Я как бы случайно обвел глазами сидевших вокруг. У грека и Юли глаза были острые, остановившиеся. Оба делали стойку и выдавали себя этим. Они были явно на работе.
– Погребняк – старый, молодой? – спросил я.
– Не старый, не молодой, – ответил Хассан, – высока. Одна рука его два пальца нет. Худой человек. Его убивай надо.
Опять наступило молчание. Хассан, видимо, предполагал, что мы все одинаково переживаем его сообщение, в то время как мы все воспринимали его по-разному.
Внезапно он стал более доверительным, думая, что находится среди друзей (ведь спасла же ему больница жизнь!) и что все присутствующие также друзья и между собой. Он понизил голос до шепота:
– Я тебе скажи. Ваша лагерь есть люди, ходи тугай, туда-сюда.
Я притворился удивленным и возмущенным.
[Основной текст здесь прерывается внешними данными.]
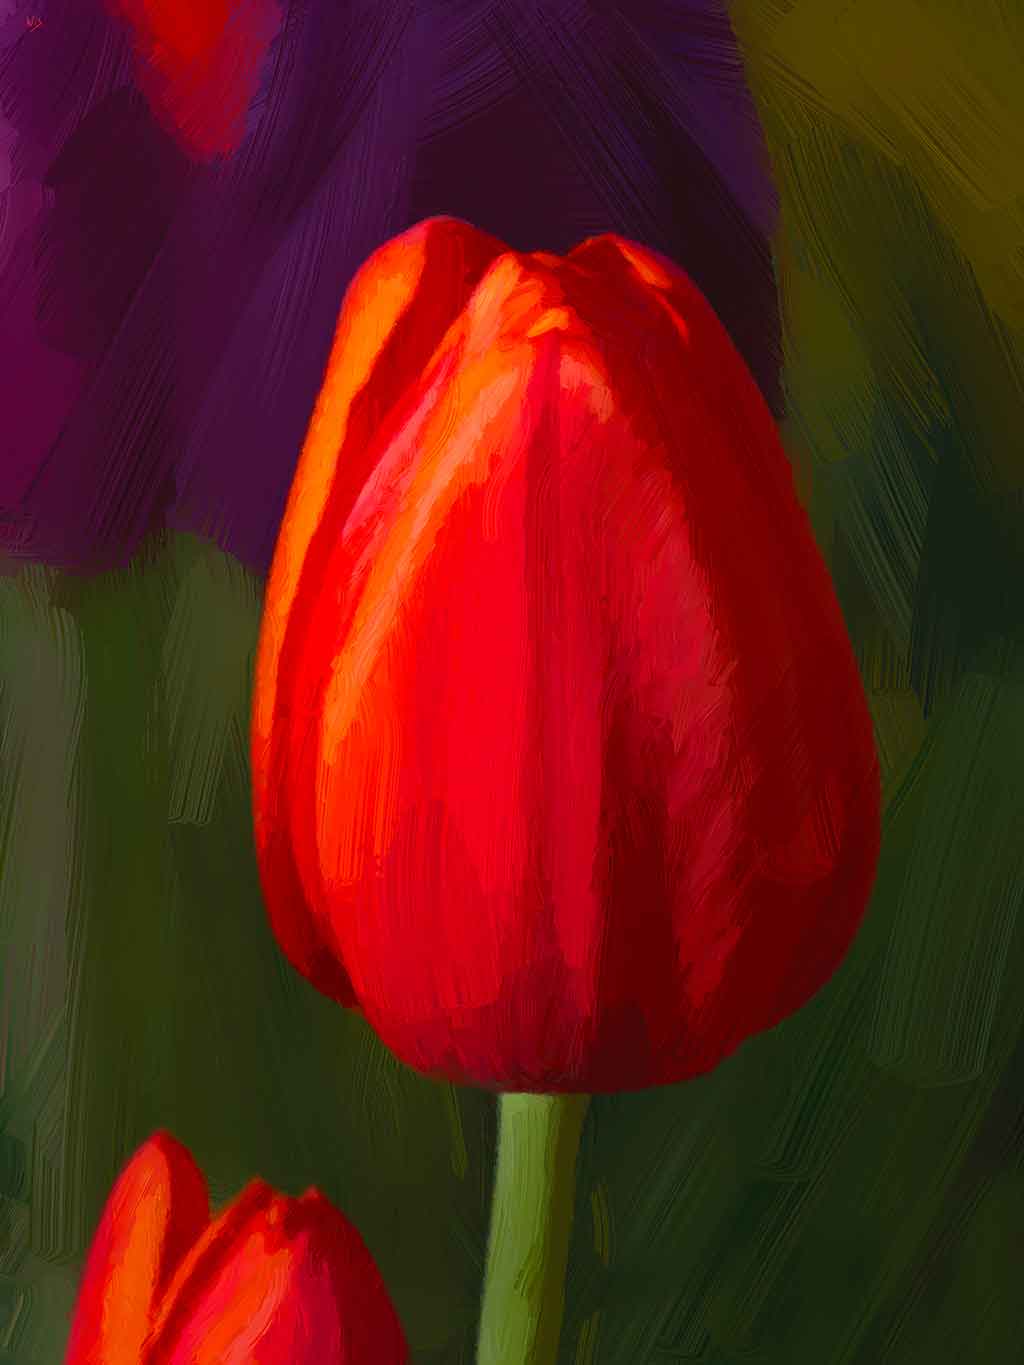 A single bud of a red Tulip opens into space of dark solitary green and deep feeling purple.

Грек так и впился глазами в Хассана.
– Как твоя знай? – чуть-чуть сурово спросил я. – Как твоя можно говори?
– Наша охотники види. Наша джигиты все види. Кажды день тугая люди ходи трава, – он почти лег на ковер, – потом назад.
Он наклонился ко мне. Снаружи послышалось цоканье копыт. Кто-то спешивался.
– Ваша есть один человек, ходи туда-сюда, плохой человек, молодой, большой. – Он встал, показал рукой над головой, поднял глаза и оцепенел, будто увидел привидение.
В дверях стоял Борис, самоуверенный, развязный. Не про него ли собирался сказать Хассан и поэтому так перепугался?
– А вот и я, то, что у Блока называется нечаянная радость, – пропел Борис. – Я, собственно, в поисках вас, Глеб. Нехорошо бегать от друзей. Тем более что у меня к вам дело. Я верхом за вами. А! Кого я вижу? – деланно удивился он. – Юлия Викторовна и… – Он чуть прищурил глаза.